### WORK INSTRUCTIONS
Please retype the data below exactly, stopping after the line with "La copertina di un calendario sovietico" and skipping every picture.

### PROVIDED DATA
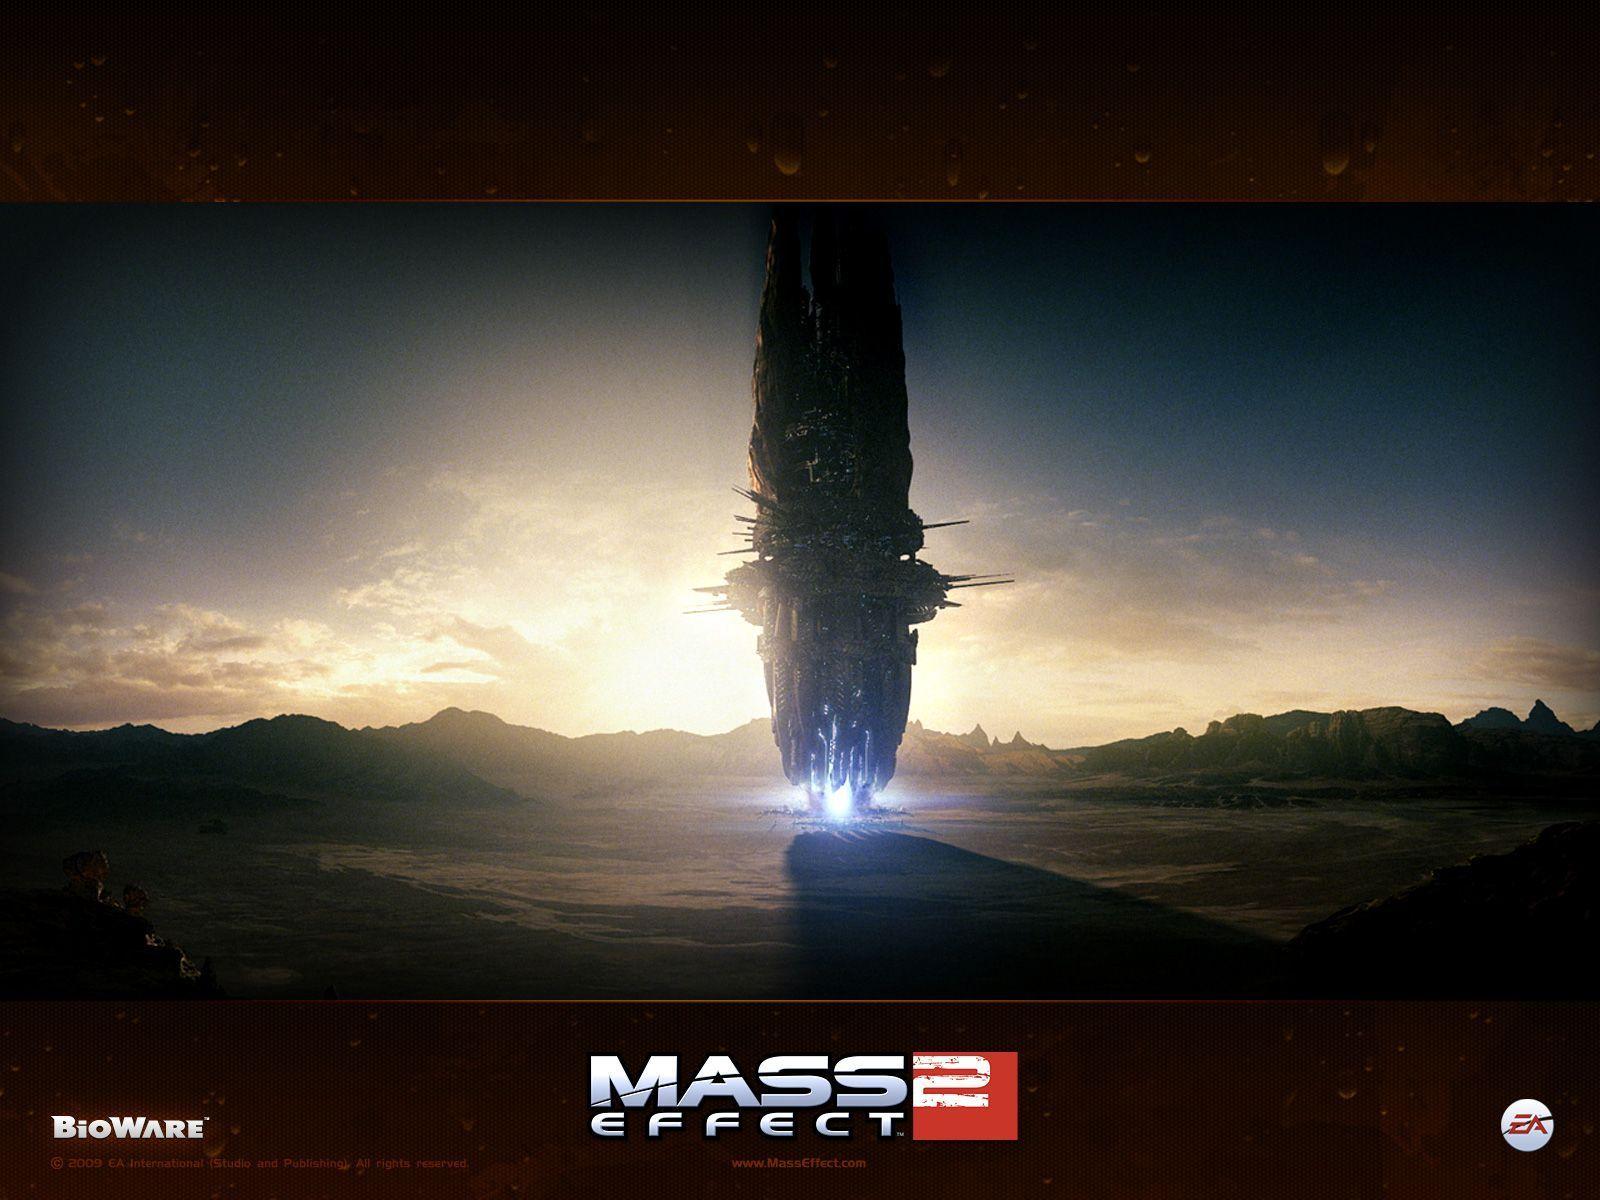 Fond ecran, wallpaper Mass Effect 2
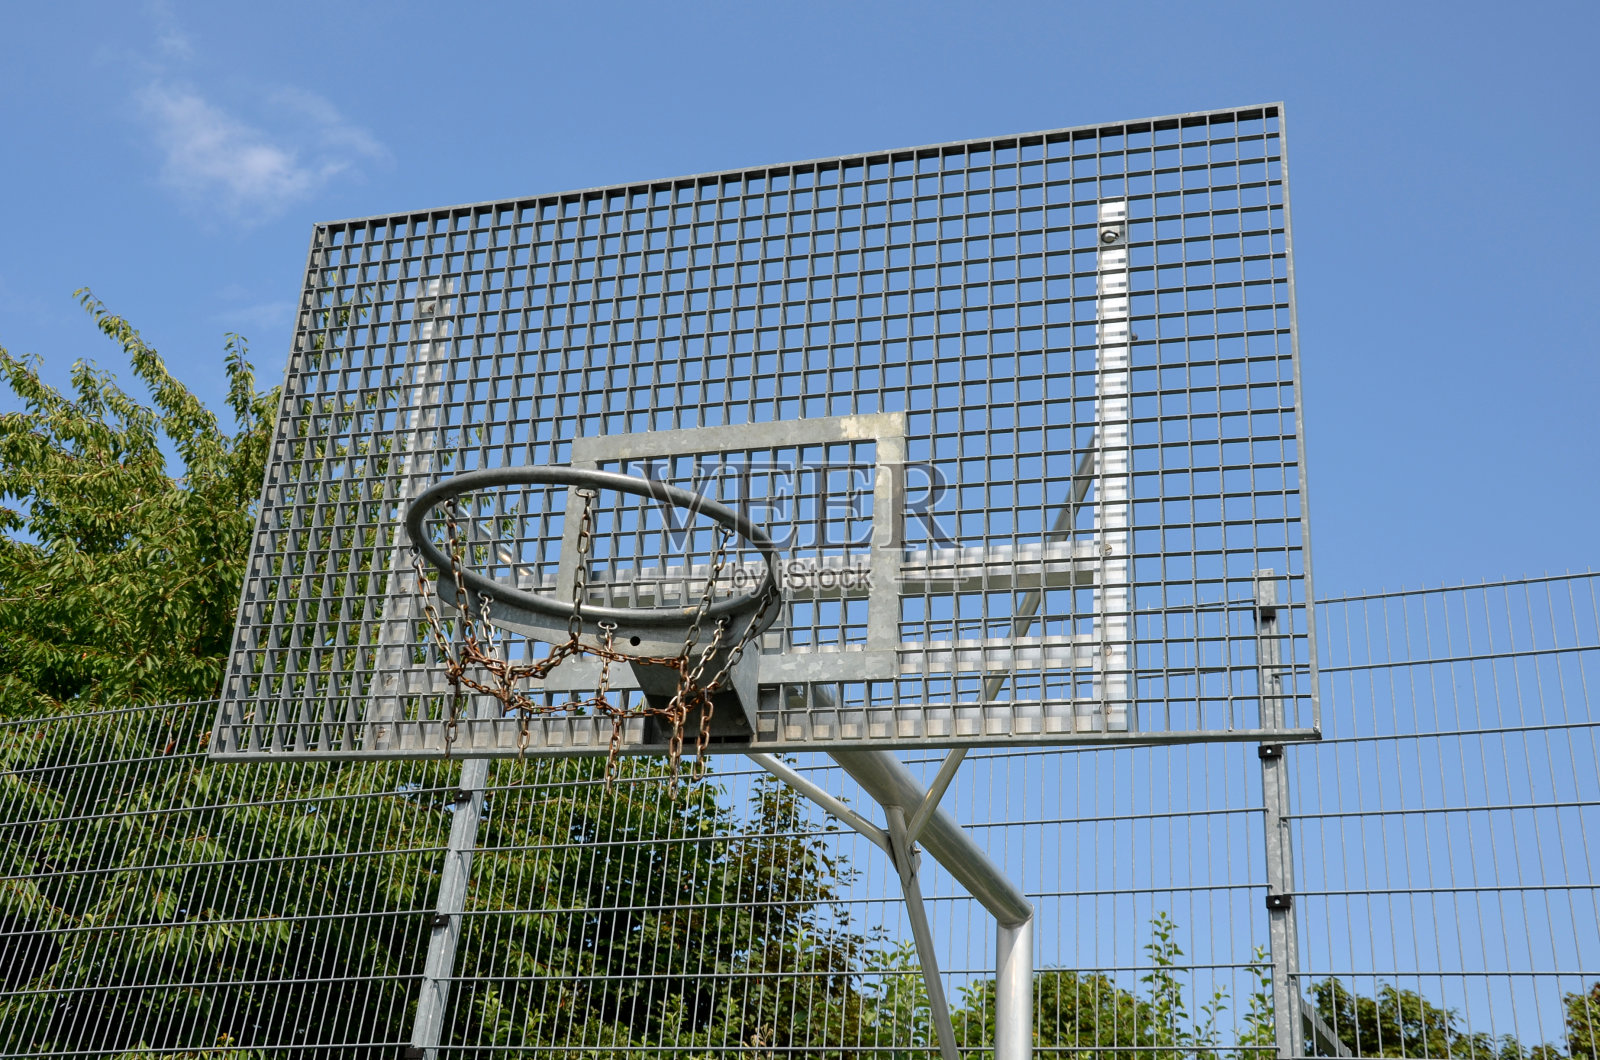 学校的多功能户外球类运动场地。绿色人造草皮从塑料地毯与线条。篮球圈和足球球门。在高高的网和护栏周围照片摄影图片
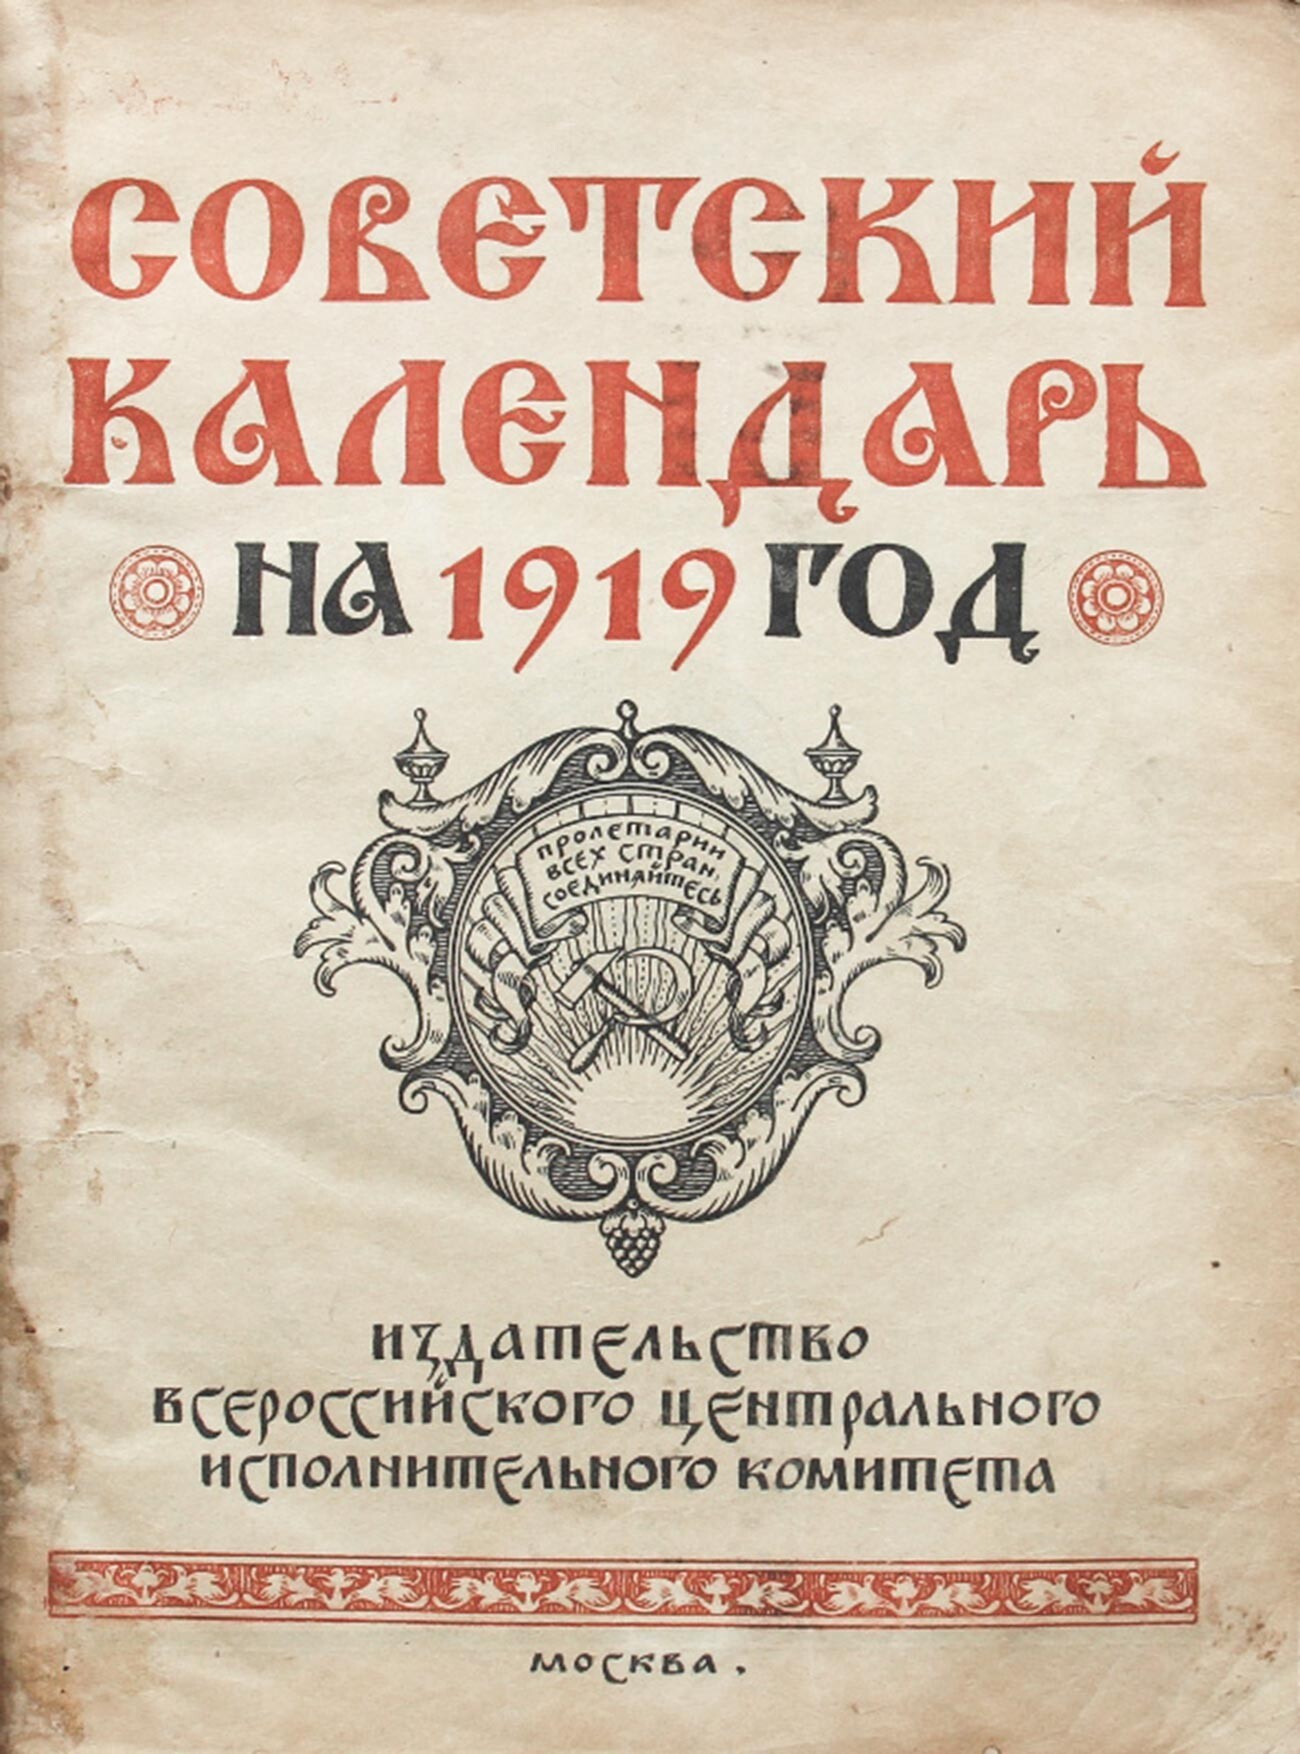 La copertina di un calendario sovietico
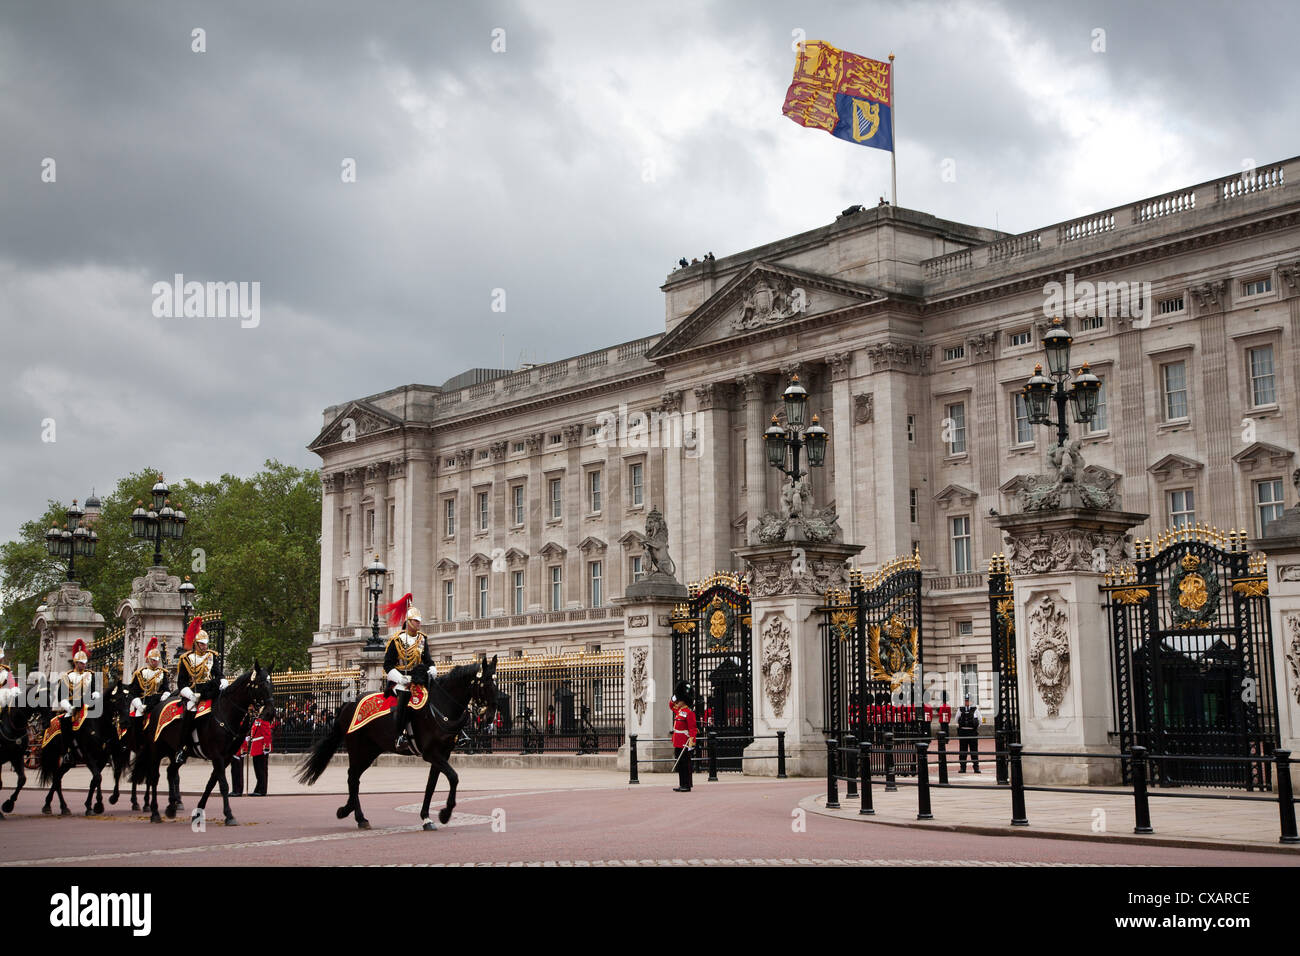 À la Household Cavalry Parade 2012 la cérémonie des couleurs sur le Mall et à Buckingham Palace, Londres, Angleterre, Royaume-Uni Banque D'Images

### RESULT OF THE TASK
 Fond ecran, wallpaper Mass Effect 2
 学校的多功能户外球类运动场地。绿色人造草皮从塑料地毯与线条。篮球圈和足球球门。在高高的网和护栏周围照片摄影图片
 La copertina di un calendario sovietico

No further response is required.